Стоять столбом было нелепо, но и предлагать свои услуги в качестве добровольца-грузчика было бы еще смешнее. Лузгин прошелся по дороге, взглядом обводя окрестности, и увидел две линии траншей, короткими зигзагами отходящих от брустверных ям. Всю территорию блокпоста, включая линии траншей, широко опоясывали спирали колючей проволоки – спирали Бруно, припомнил начитанный Лузгин, – а посреди, за левой ямой, торчала деревянная караульная вышка на манер зоновской. Лузгин такие видел в Харпе, этом тюменском Магадане. На вышке, привалившись грудью к поручню ограждения, неподвижно стоял солдатик в бушлате с поднятым воротником и пристально смотрел на Лузгина. Солдатик поднес руку к лицу, под крышу вышки порхнул и растаял виток сигаретного дыма. «Дисциплинка, однако», – хмыкнул Лузгин. Он посмотрел подальше в поле, заметил, уже без удивления, знакомый бугорок и громко спросил караульного:

– Это что, танк, да?

Караульный кивнул и снова пустил дым под крышу.

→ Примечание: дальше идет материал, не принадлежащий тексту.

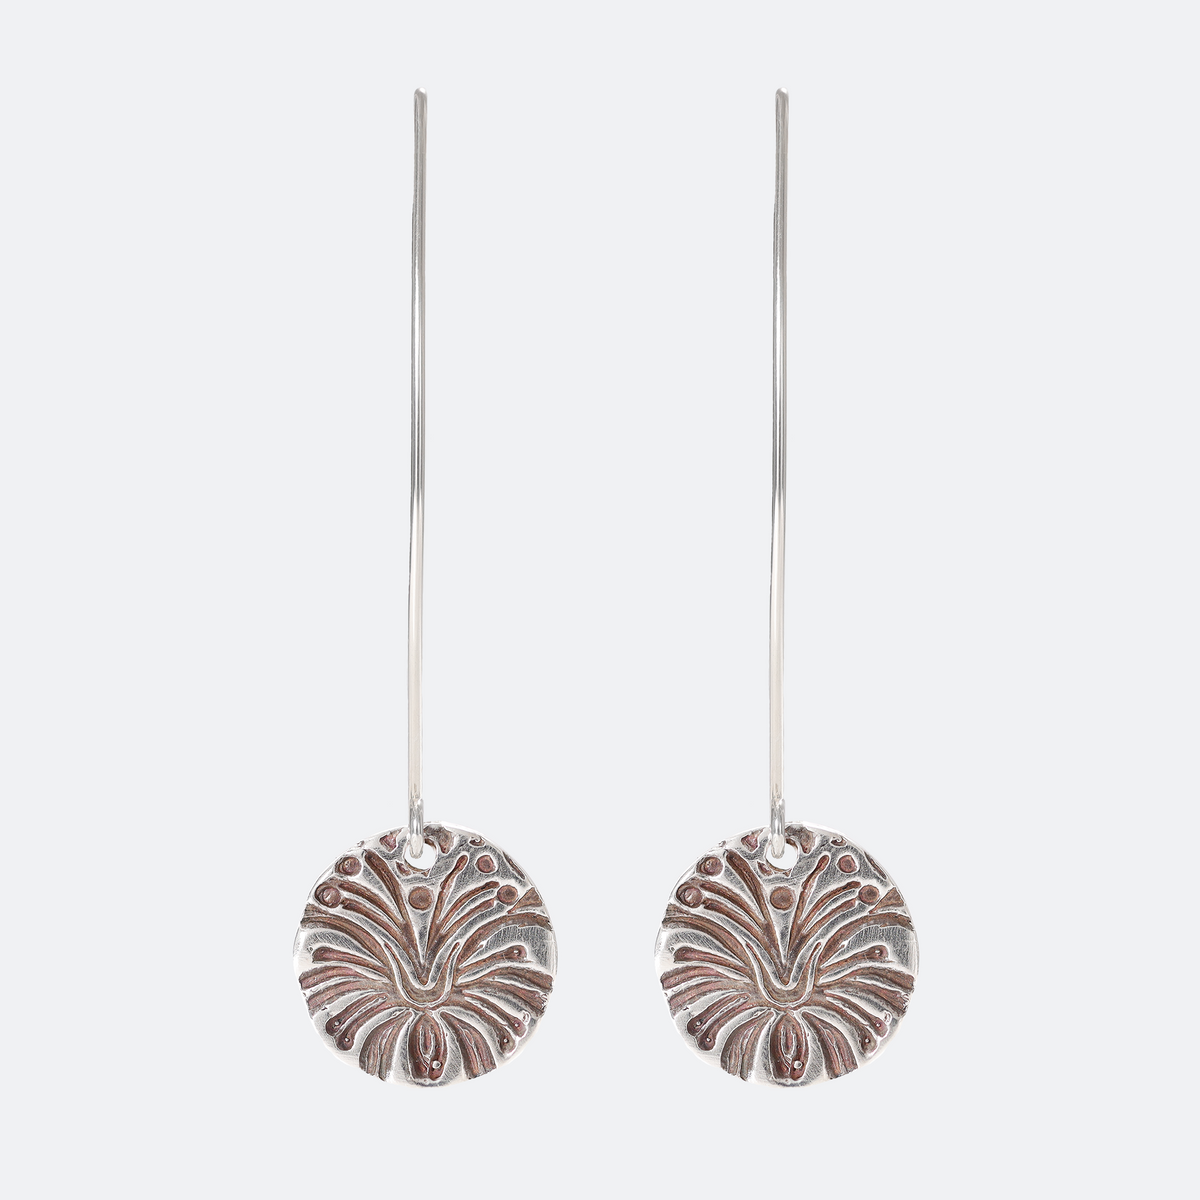 Hibiscus Textured Small Sterling Silver Earrings on Long Ear Wires

– Ну че там? – крикнул караульный, глядя через дорогу. – Долго еще?

– Ладно, слезай, – ответили ему.

Из ямы бодро выскочил Елагин. Солдаты стали двигаться быстрее, но не слишком; самый прыткий уронил коробку, сквозь лопнувший картон по асфальту рассыпались тускло блестевшие банки, и Елагин звучно выдал: «М-ма-ла-дец!». Он стоял, подбоченясь и стучал по асфальту носком правого ботинка. Лузгин отбросил сигарету и пошел к нему.

– Сейчас разгрузимся, – сказал старлей, полуобернувшись на лузгинские шаги, – соберем для вас личный состав, побеседуете.

– О чем? – съязвил, не сдержавшись, Лузгин.

– Вам виднее, – спокойно ответил Елагин. – Да, сейчас сюда местного старосту привезут, расскажет вам… ну… о проблемах населения…

– …О дружбе с военными, – в тон старлею продолжил Лузгин. – Все понятно. – Он стал припоминать, в каком кармане сумки лежит диктофон и давно ли он менял в нем батарейки. – Кстати, как вас по батюшке? Очень приятно, Алексей Алексеевич. Простите, что не поинтересовался ранее. Так вот, Алексей Алексеевич…

– Можно и без отчества, – сказал Елагин.

– …Нельзя ли мне самому побывать в деревне? Поговорить с людьми, а не только с начальством.

– Времени мало, – ответил старлей. – Вернетесь в Казанку, там – сколько угодно.

– А если я желаю здесь?

– Не успеете здесь.

– У меня создается впечатление, – с подчеркнутой вежливостью проговорил Лузгин, – что у вас есть какие-то причины воспрепятствовать мне… – Елагин медленно покачал головой, глядя мимо, и Лузгин шагнул к нему поближе и даже тронул за рукав. – Что случилось, Алексей? Чего вы от меня шарахаетесь? Боитесь, что не то и не так напишу, неприятностей боитесь? Зря боитесь, я вам не враг, я вам зла не желаю. Я взрослый человек, в два раза старше вас, Алеша, я тридцать с лишним лет работаю журналистом и никогда людей не подставлял. Но я не люблю, когда меня водят за ручку, и я не позволю, понятно?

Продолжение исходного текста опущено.